Sunday Night Black Bean Chili

Winter weekends at the lake typically have us arriving back home after sunset. This dinner is fast with an easy clean up. Sunday scaries seem to be a little more comforting with a quick hearty one pot meal to curl up with and watch Audrey Hepburn and William Holden in Sabrina. The perfect way to ease into a new week, David Larrabee style.

  • 1.5 lb ground beef
  • 1 lb Italian sausage
  • 2 onions – chopped
  • 2 cloves garlic – chopped
  • 1-2 chipotle chili in adobo sauce
  • 1/4 tsp cocoa
  • 2 tbs chili powder
  • 2 tbs cumin
  • 1 tbs tomato paste
  • 4 oz can diced green chilies
  • 1 cup chicken stock
  • 2 26 oz cartons chopped tomatoes (Pomi)
  • 2 cans black beans
  • 1 can pinto beans
  • 1 tbs masa mixed with 1 tbs water
  • avocado, lime, grilled corn, shredded cheddar, cilantro – to garnish

In a dutch oven, brown Italian sausage and beef. Drain. Set aside.

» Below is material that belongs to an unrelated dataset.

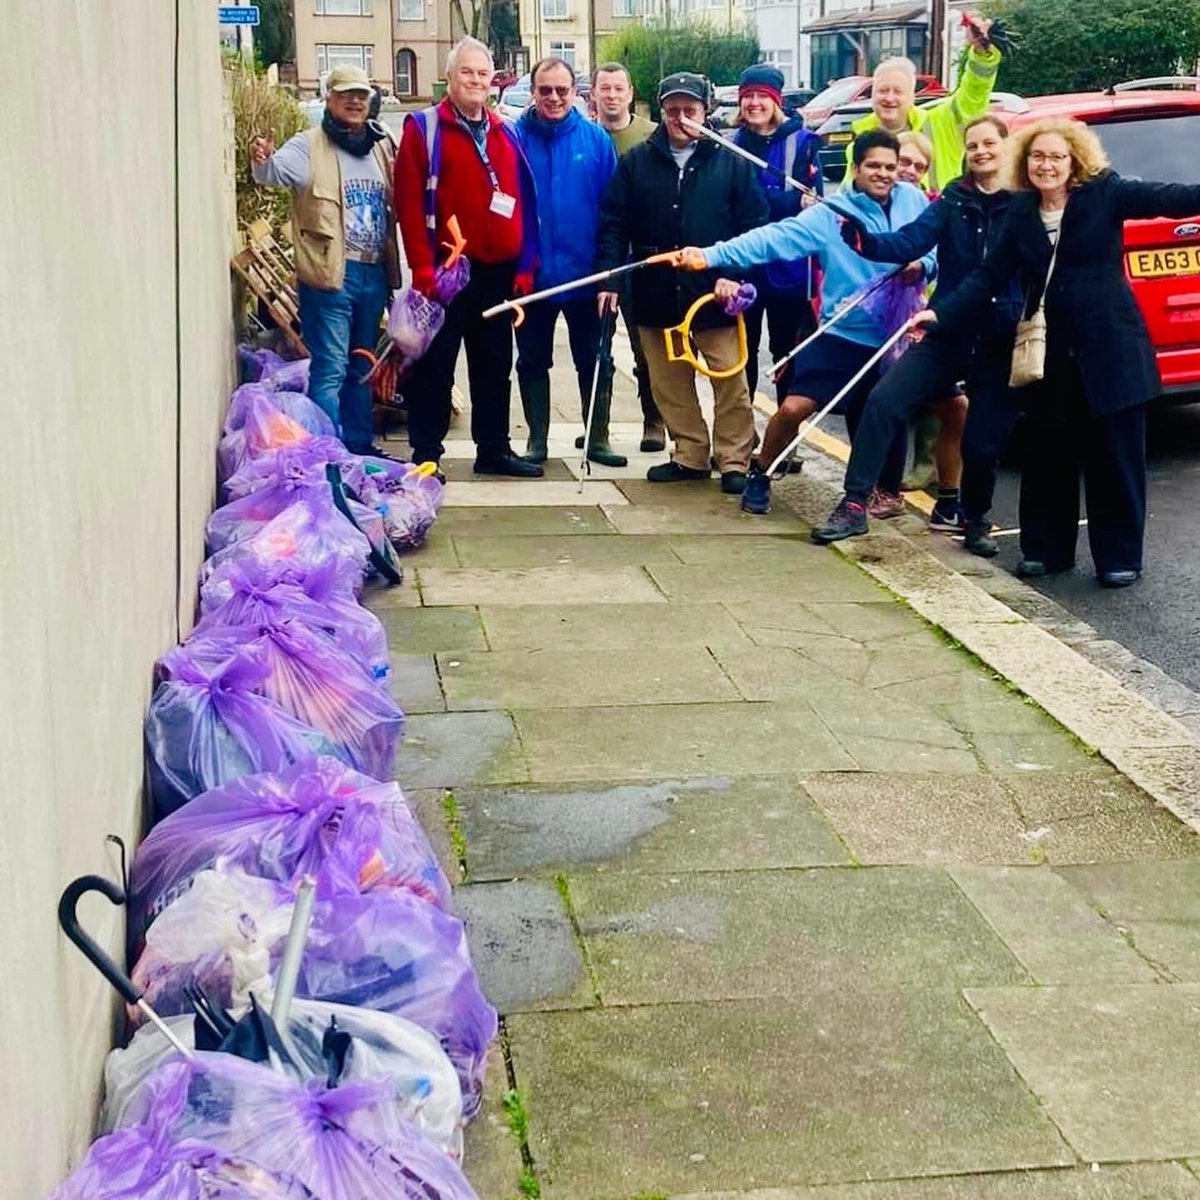 From the streets of South Harrow to the @UKParliament. It was a privilege to welcome many of our dedicated @HarrowLitter Pickers to Westminster, to thank them for their amazing contribution to the #GreatBritishSpringClean in South Harrow. (1/3)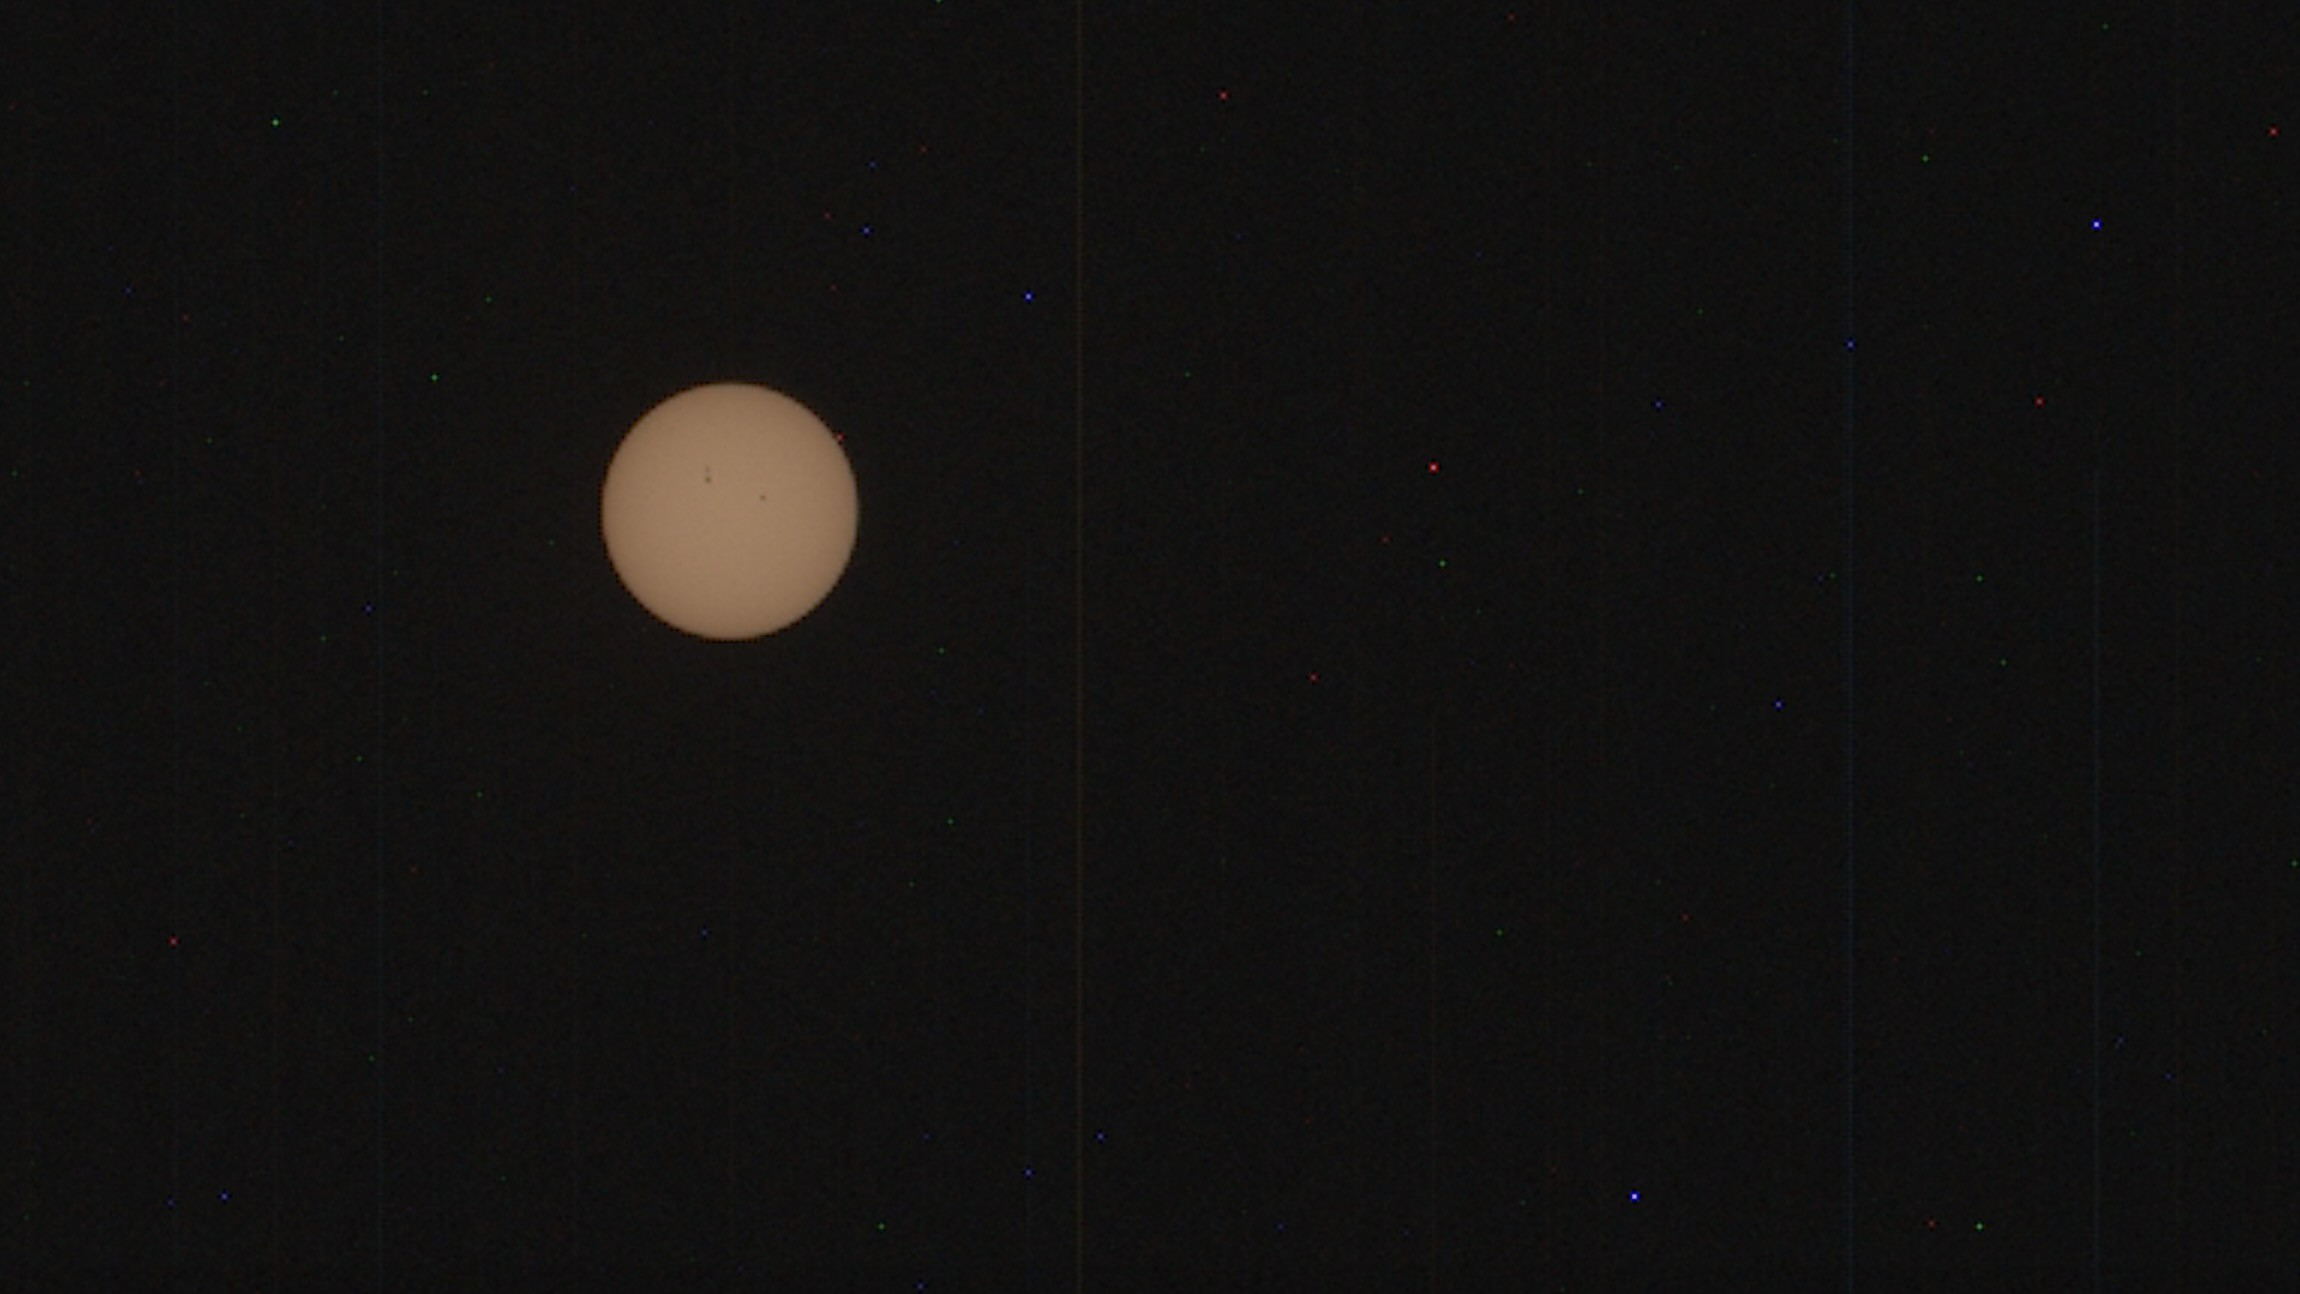 Image of the yellow solar disk against a black sky, captured from afar.

Sauté chopped onion and chopped garlic until translucent.

Add chipotle chili, cocoa, chili powder, cumin, tomato paste, green chilies and cook 2 minutes.

Deglaze with chicken stock, add meat back in and cook a few minutes.

Add chopped tomatoes, beans, masa (mixed with water) and 1 cup of water. Season with salt and pepper. Simmer to infuse flavors.